Anti-sense oligo update

CurePSP asked me to write up something on ASOs for their website (www.curepsp.org). Thought I’d give my loyal blog readers a sneak peak:

Probably the single biggest story in the world of PSP right now is NIO752.  That’s an antisense oligonucleotide (ASO) being tested for safety and tolerability in people with PSP.

ASOs interrupt the process by which a specific gene’s DNA is transcribed into RNA, thereby reducing the production of the encoded offending protein.  The ASO itself is a short stretch of RNA whose genetic code is a mirror-image of part of the DNA whose translation is to be suppressed.  The ASO’s genetic sequence and that of the offending DNA recognize each other and stick together, preventing the corresponding protein from being produced. In this case, the targeted DNA is the MAPT gene, which encodes the tau protein. Other ASOs operate by targeting slightly different stages of the transcription/translation process.

In the US, the FDA has approved several kinds of ASO, the best-known being nusinersin (brand name “Spinraza”) for spinal muscular atrophy, a progressive and usually fatal condition that typically starts in infancy but in mild forms can start at any age.  In the pivotal trial of nusinersen, 21 of 51 infants receiving the drug were improved after 6 months, while that was true for none of the 27 infants receiving sham treatment.  If we can achieve similar results for NIO752, it would be by far the best news ever for PSP.

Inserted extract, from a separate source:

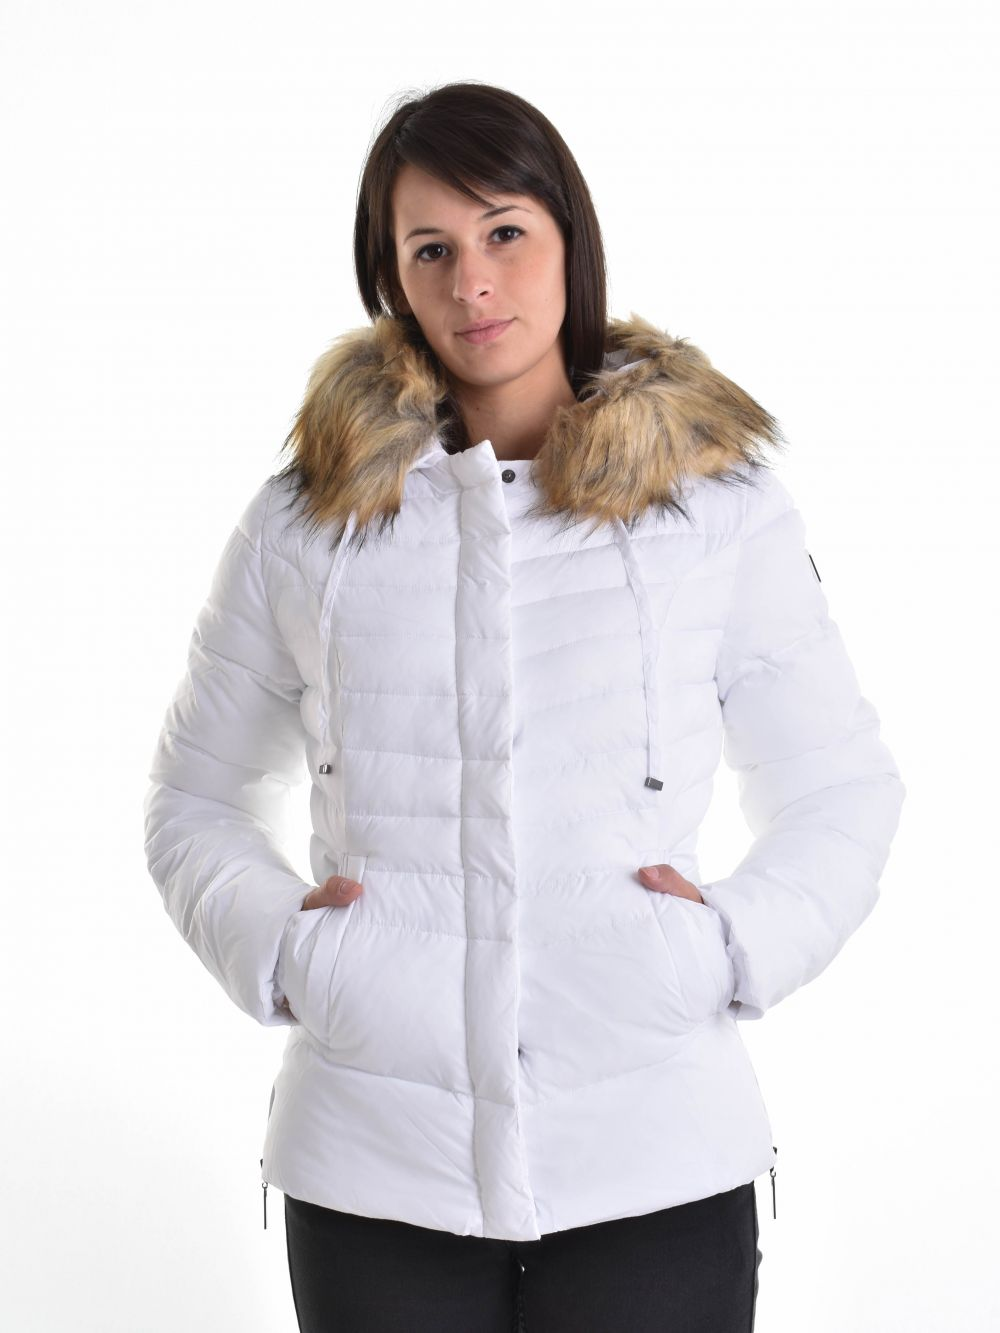 Mayo Chix női kabát ICE | Markasbolt.hu Hivatalos Mayo Chix
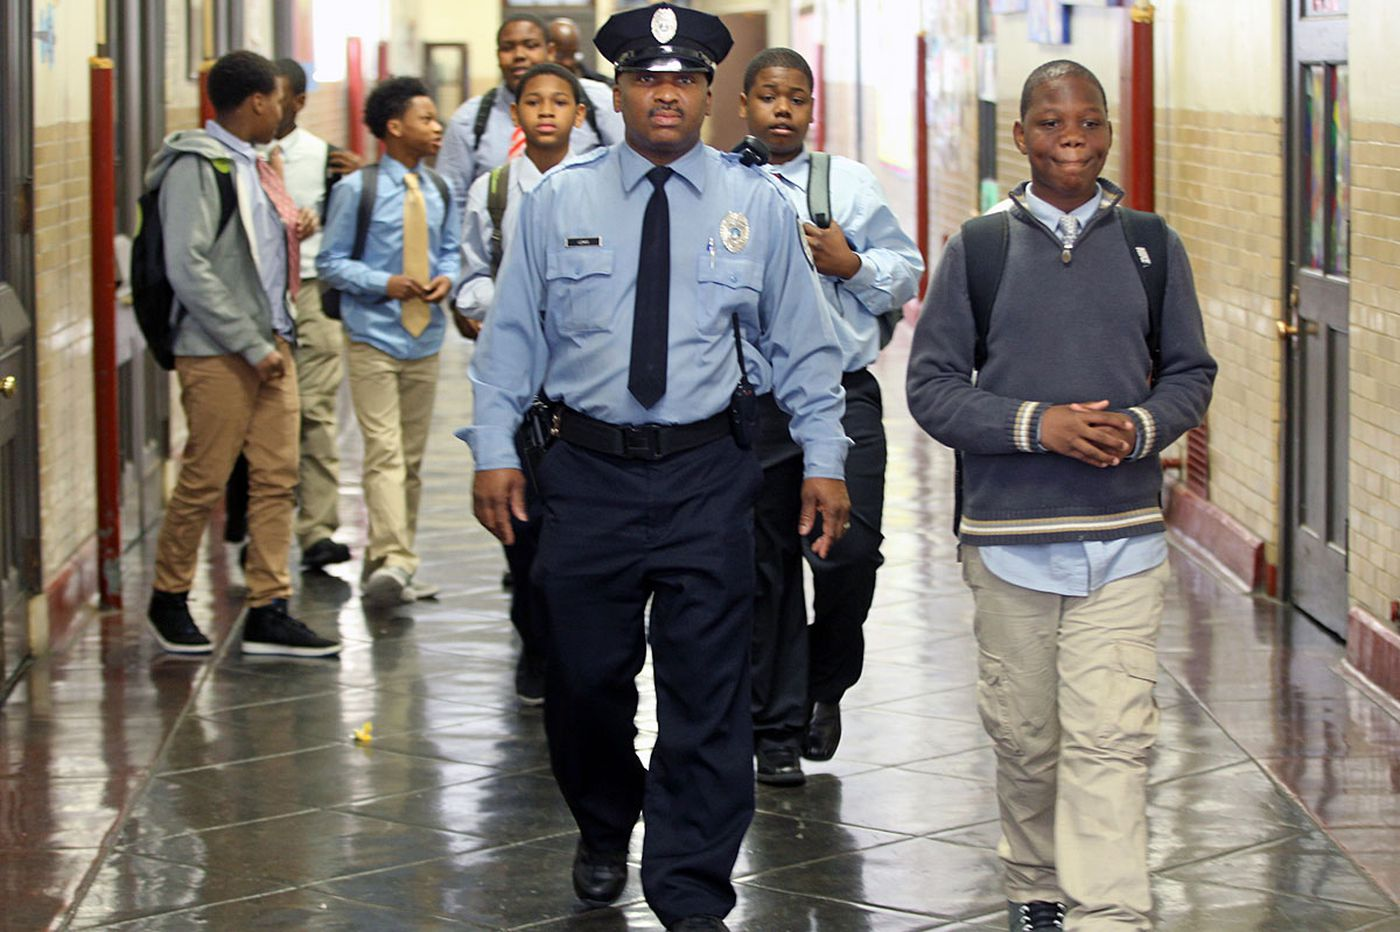 Removing school police puts unfair burden on teachers | Opinion

ASO molecules are too large to cross the blood-brain barrier, which means that for a brain disease, they must be administered by injection directly into the spinal fluid.  This is performed as for a diagnostic spinal tap.  In the current trial, NIO752 is given once monthly over a period of 3 months and the participants are examined periodically for an additional 9 months.  The 64 participants are at 4 sites in the US (La Jolla, CA; Boca Raton, FL; Rochester, MN and Nashville TN), 2 in Canada (both in Montreal), 5 in Germany and 1 in the UK. This safety and tolerability trial is expected to end in May 2024.  Its sponsor is Novartis Pharmaceuticals, co-headquartered in Basel, Switzerland and Cambridge, MA. For more information: 1-888-669-6682 or novartis.email@novartis.com

A trial can detect important safety issues with only 64 participants but detecting actual benefit requires more.  The standard “primary outcome measure” for clinical treatment trials in PSP is the PSP Rating Scale.  Assuming that is still the case in 2024, when a treatment trial would begin, and half of the participants receive placebo, the minimum number of participants needed would be 276.  That number also assumes that the study is designed to detect at least a 30% difference between the two groups’ rates of progression.  Detecting less of a difference would require more participants and detecting a greater difference would require fewer.  A new outcome measure with less variability than the PSPRS would reduce the number of participants required.

From the standpoint of those with PSP and their families hoping to enter a trial of NIO752, the most important number isn’t a number, but a date: A trial starting in mid-2024 would probably end in 2027. Another important number is the eventual price of the drug.  NIO752 would have to be injected every month, lifelong. Nusinersen’s price is $125,000 per injection.  So, if the price of NIO752 is anything like that, the cost to Medicare, Medicaid and private insurors would present an impossible situation.  CurePSP estimates that about 20,000 people in the US have PSP at any given time.  If even half of them received a $125,000-per-month drug, the total annual cost would be $15 billion plus the doctors’ fees for the monthly injection procedure.  Clearly, something would have to give. 

But first, let’s hope that NIO752 actually works.